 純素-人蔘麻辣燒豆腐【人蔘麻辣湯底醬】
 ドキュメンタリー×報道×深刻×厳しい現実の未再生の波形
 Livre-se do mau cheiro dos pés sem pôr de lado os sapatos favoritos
= = = = =
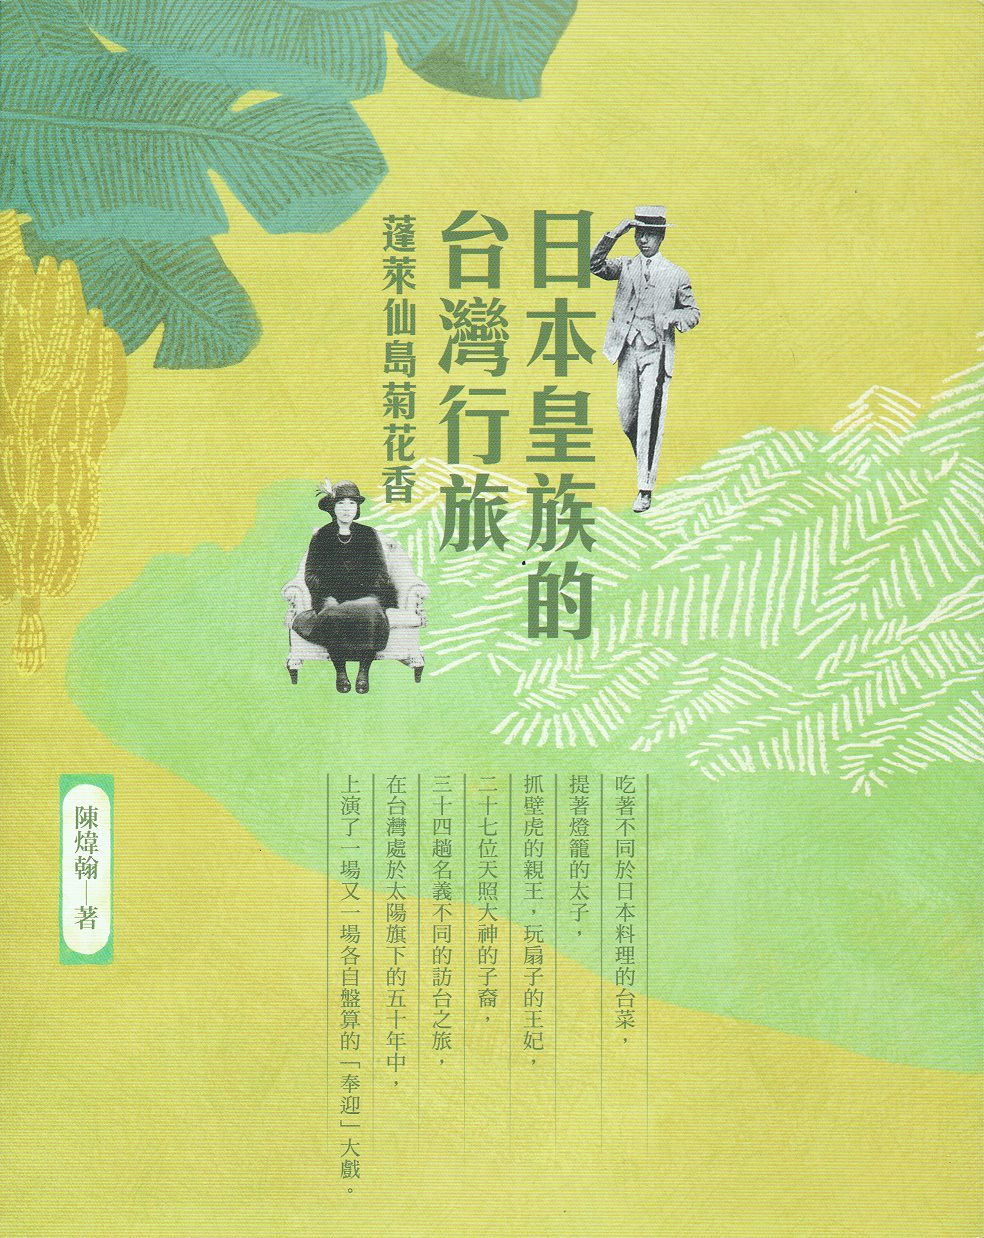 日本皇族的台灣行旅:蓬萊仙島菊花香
= = = = =
*ACTION ITEM*.
Copy range, inclusive: the line holding "純素-人蔘麻辣燒豆腐【人蔘麻辣湯底醬】" to the line holding "Livre-se do mau". Reproduce exactly those lines of the records above and no others.

*ANSWER SPACE*.
 純素-人蔘麻辣燒豆腐【人蔘麻辣湯底醬】
 ドキュメンタリー×報道×深刻×厳しい現実の未再生の波形
 Livre-se do mau cheiro dos pés sem pôr de lado os sapatos favoritos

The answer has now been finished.